Das Frauenbild war gar zu schön!“ Worauf Mephistopheles:
„Nein! Nein! Du sollst das Muster aller Frauen
nun bald leibhaftig vor dir sehen.
(leise)
Du siehst mit diesem Trank im Leibe
Bald Helenen in jedem Weibe.“

Gleich bei der nächsten Szene trifft Faust Margarete auf der Strasse.

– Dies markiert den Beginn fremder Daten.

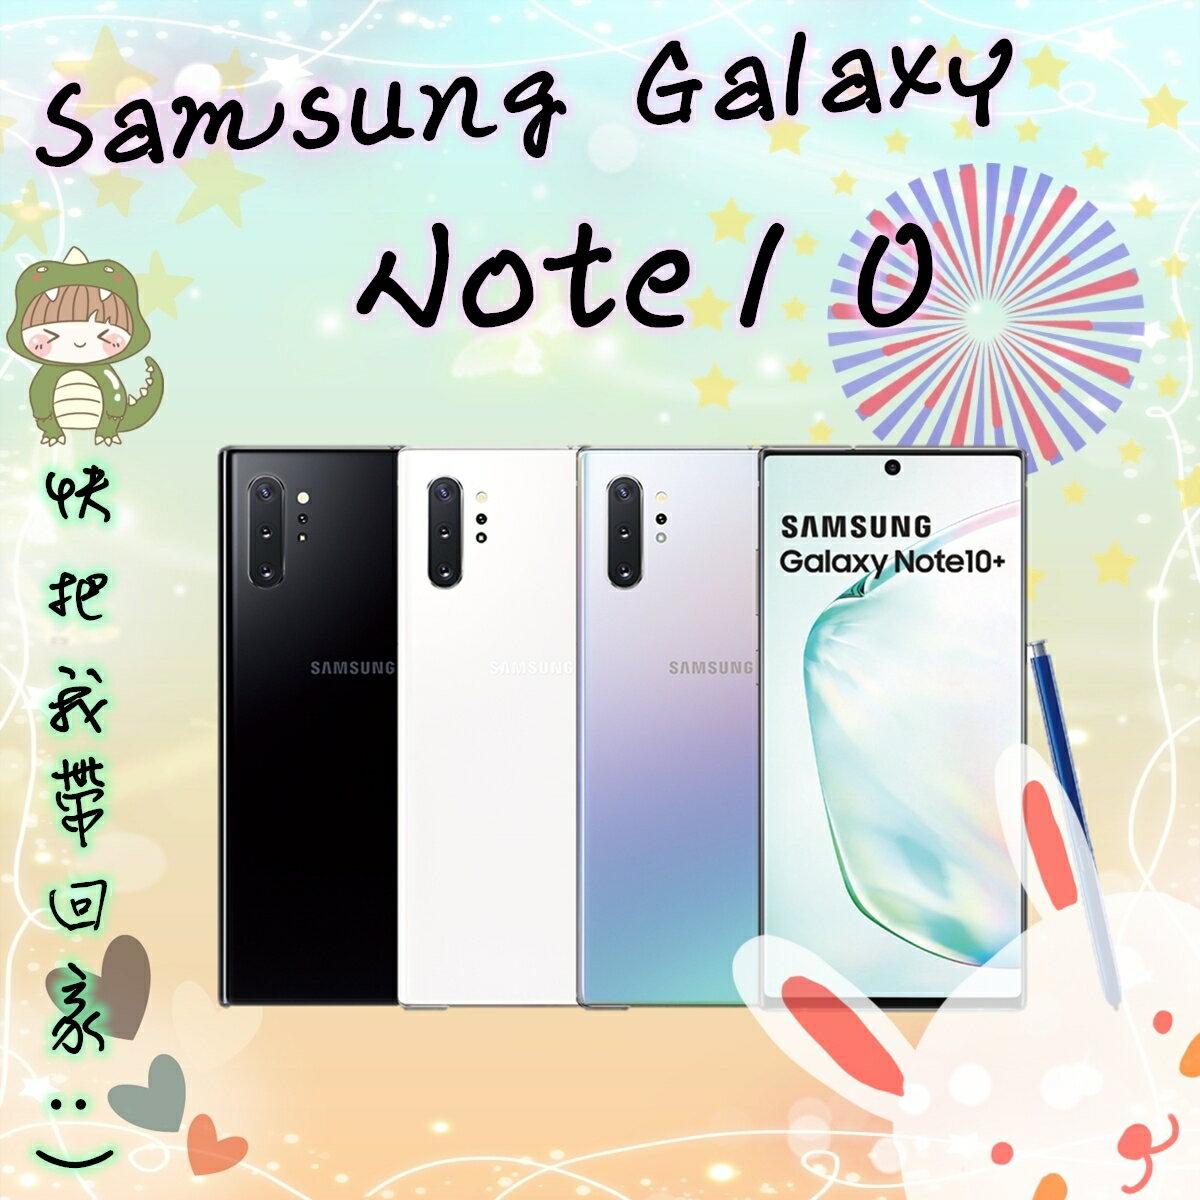 *現貨* Note 10 8G / 256G 6.3吋 Samsung 三星 隔天到貨 全新未拆公司貨 原廠保固一年 - 限時優惠好康折扣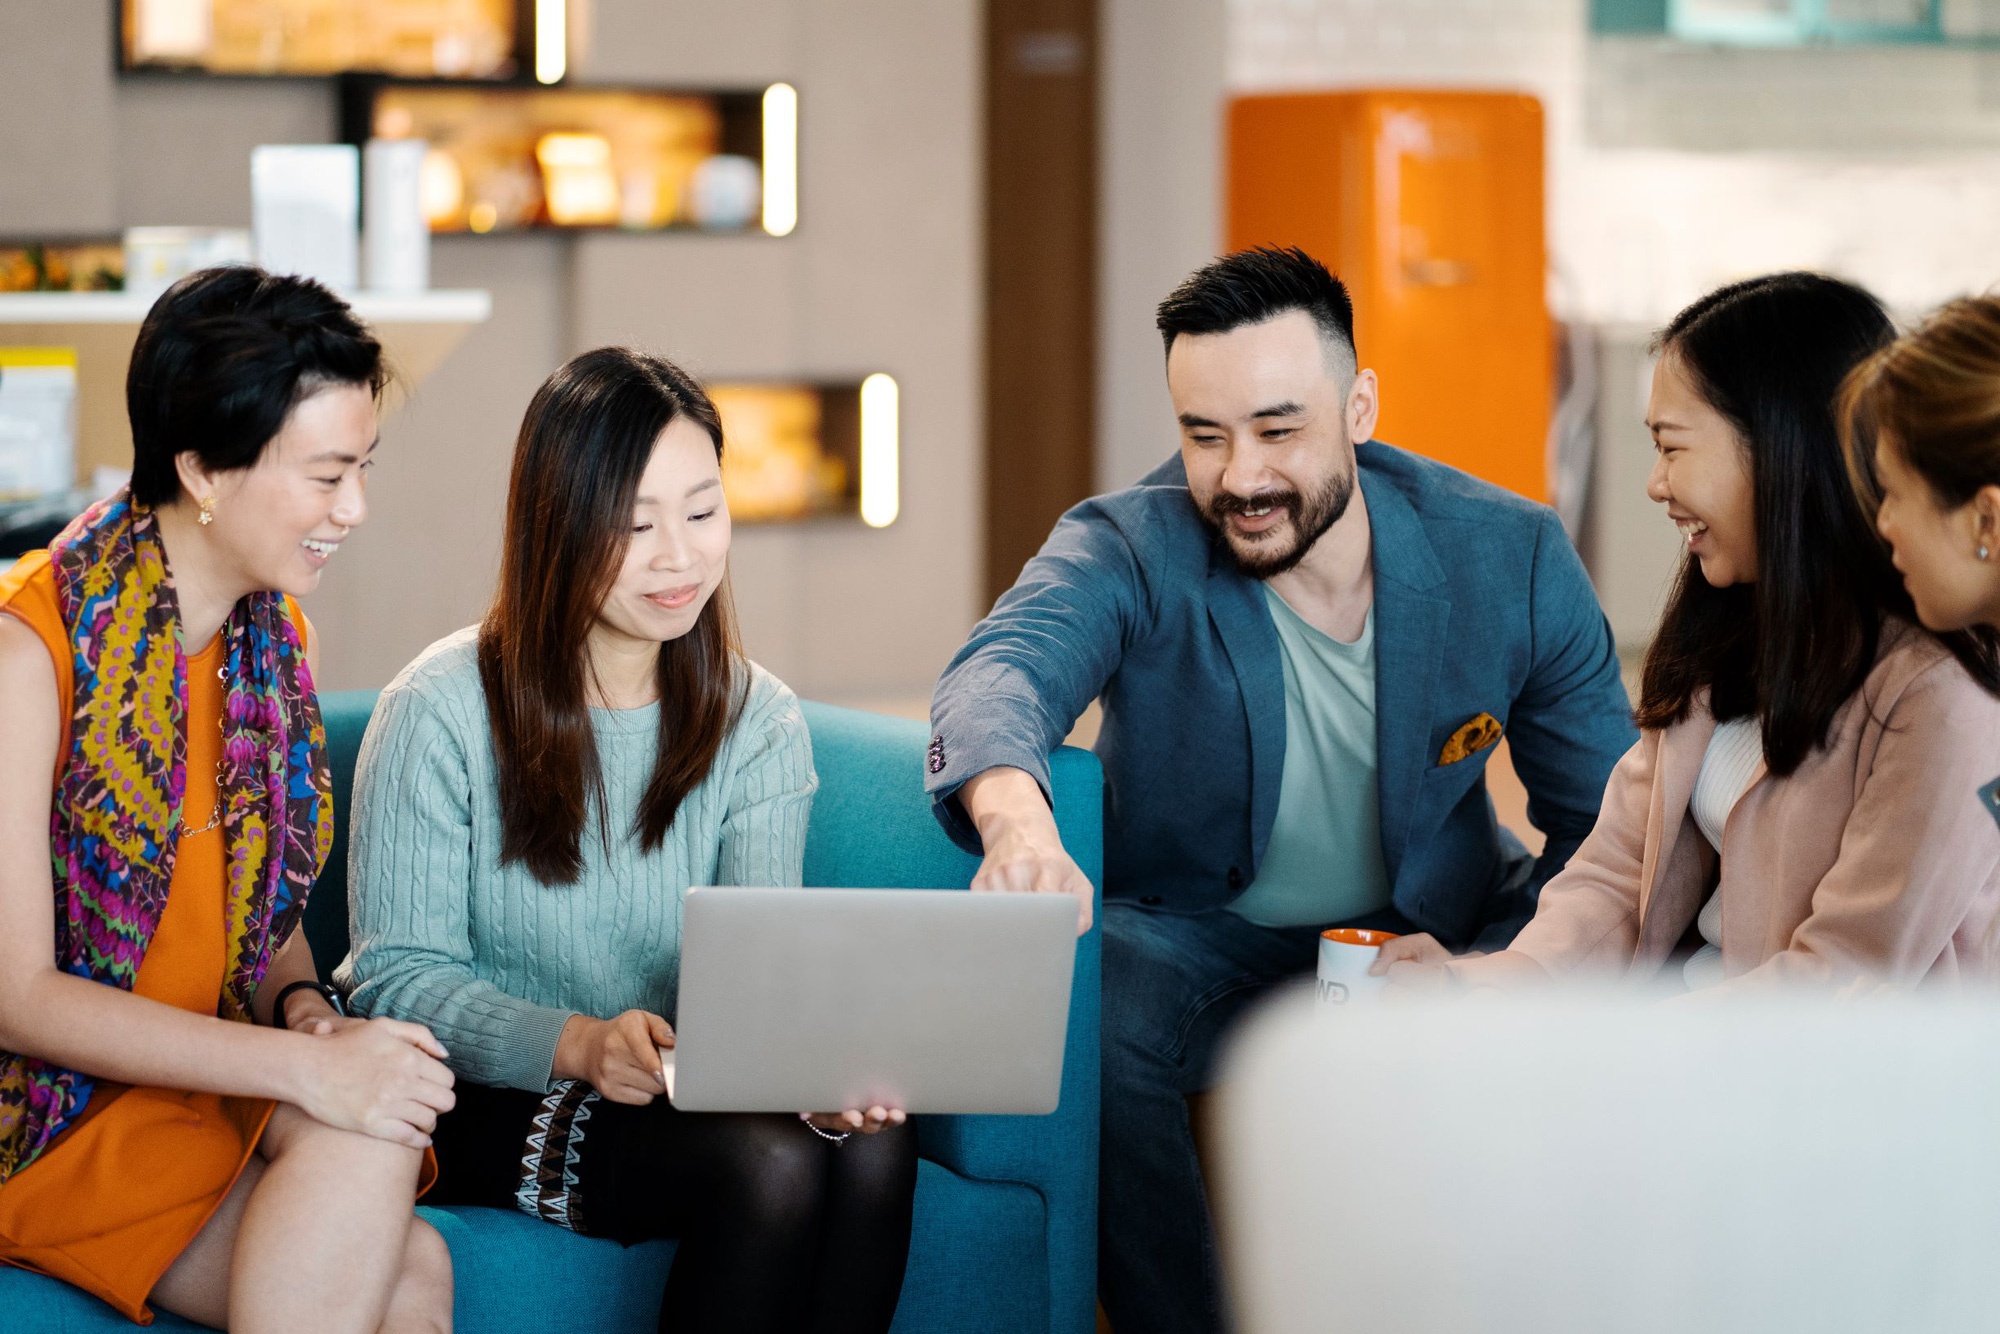 Triển khai ứng dụng công nghệ cao trong hoạt động vận hành, doanh nghiệp bảo hiểm tự tin tăng trưởng trong mùa dịch - Ảnh 5.

Margarete ... Später wird Faust sie „Gretchen“ nennen. „Margretlein“, nennt sie einmal der Teufel. Er meint es gut mit ihr, wundert sich über ihre Naivität.
Ein Schmuckkästchen kommt ins Spiel, ein zweites ... Und Marthe, Margaretes Nachbarin, eine Schlüsselfigur. Ihr Mann ist im Krieg verschollen. Mephistopheles sagt von ihr:
„Das ist ein Weib wie auserlesen
zum Kuppler- und Zigeunerwesen!“

Die Verführung selbst wird nicht geschildert, nicht mal angedeutet, erst im Nachhinein, aus den Lippen von Margaretes Bruder, kurz bevor er stirbt, erfährt man es.

Diese Geschichte lässt mich an „Das Bildnis des Dorian Gray“ denken. Auch dort wird eine junge Frau ins Unglück gestürzt. Und an „Alexis Zorbas“. Dieser drängt einen noch jungen, weltfremden Intellektuellen zu einer Affäre mit einer jungen Witwe, was für diese mit dem Tod endet.